The Madeleine McCann Case: What to Know About the 2007 Disappearance of 3-Year-Old British Girl

Madeleine McCann from England disappeared from her bed while she, her family and their friends were on vacation in a holiday apartment at a resort in Praia da Luz in Portugal in 2007.

Madeleine McCann was just 3 years old when she seemingly vanished into thin air. 

The little girl from England disappeared from her bed while she, her family and their friends were on vacation in a holiday apartment at a resort in Praia da Luz in Portugal in 2007.

Madeleine’s whereabouts remain unknown, but interest in the child’s fate has only grown in the years since she went missing. 

“The Madeleine McCann industry: How a three-year-old’s disappearance became a troubling national obsession,” one headline read.
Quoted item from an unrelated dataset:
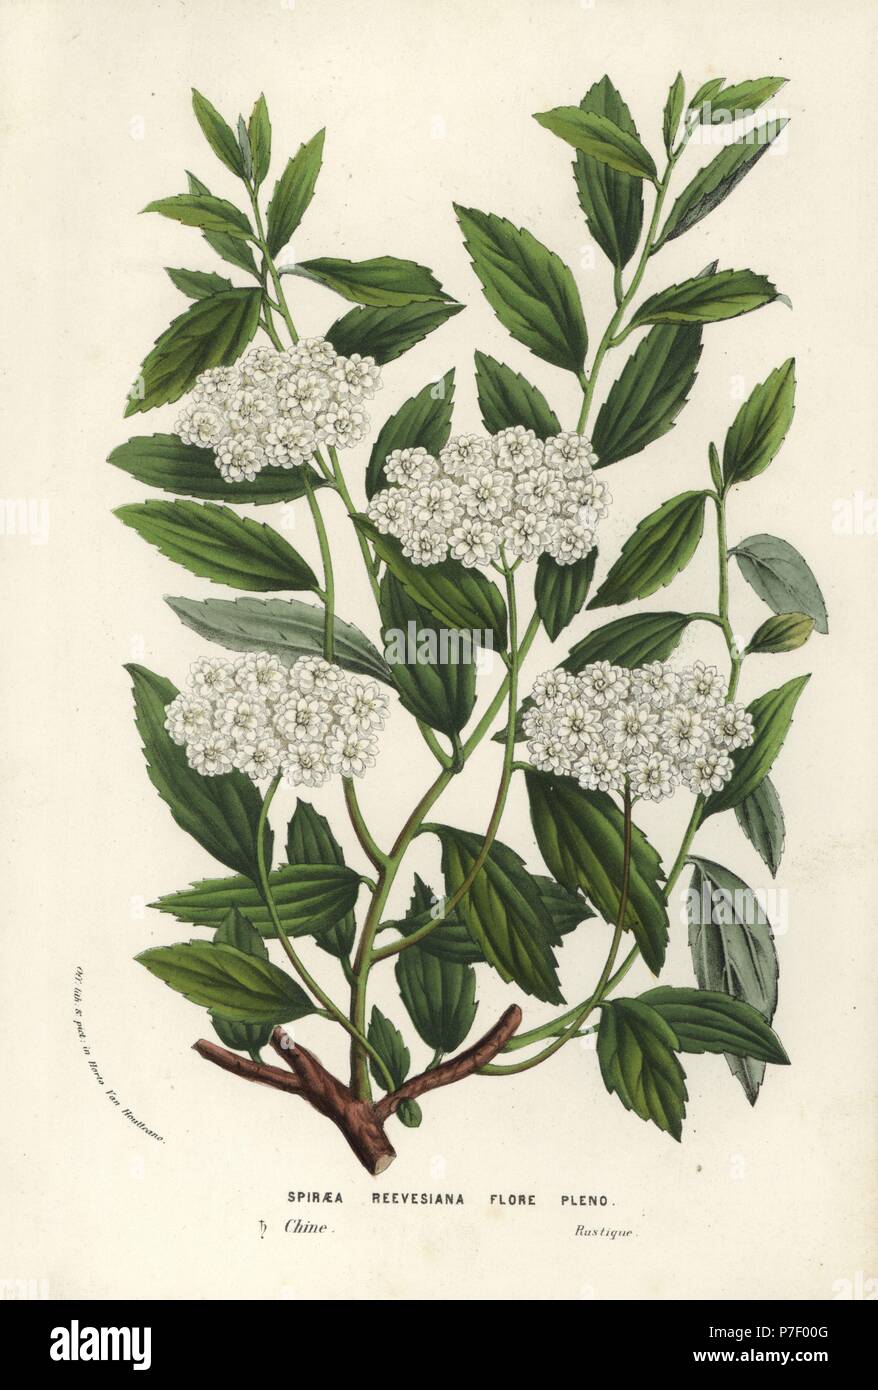 Reeve's spiraea, Spiraea cantoniensis f. lanceata (Spiraea reevesiana florepleno). China. Handcoloured lithograph from Louis van Houtte and Charles Lemaire's Flowers of the Gardens and Hothouses of Europe, Flore des Serres et des Jardins de l'Europe, Ghent, Belgium, 1856. Stock Photo

Another deemed the search for answers into what happened to Madeleine “A Global Obsession.”

As the anniversary marking 12 years since Madeleine went missing nears, Netflix will reportedly release a new documentary examining the case.

“We have interesting new interviews with people close to the inquiry and we believe we can give justice to this unbelievably tragic story,” a source close to the filmmakers told the Daily Mail

Ahead of the documentary’s release, read more below about the disappearance of Madeleine.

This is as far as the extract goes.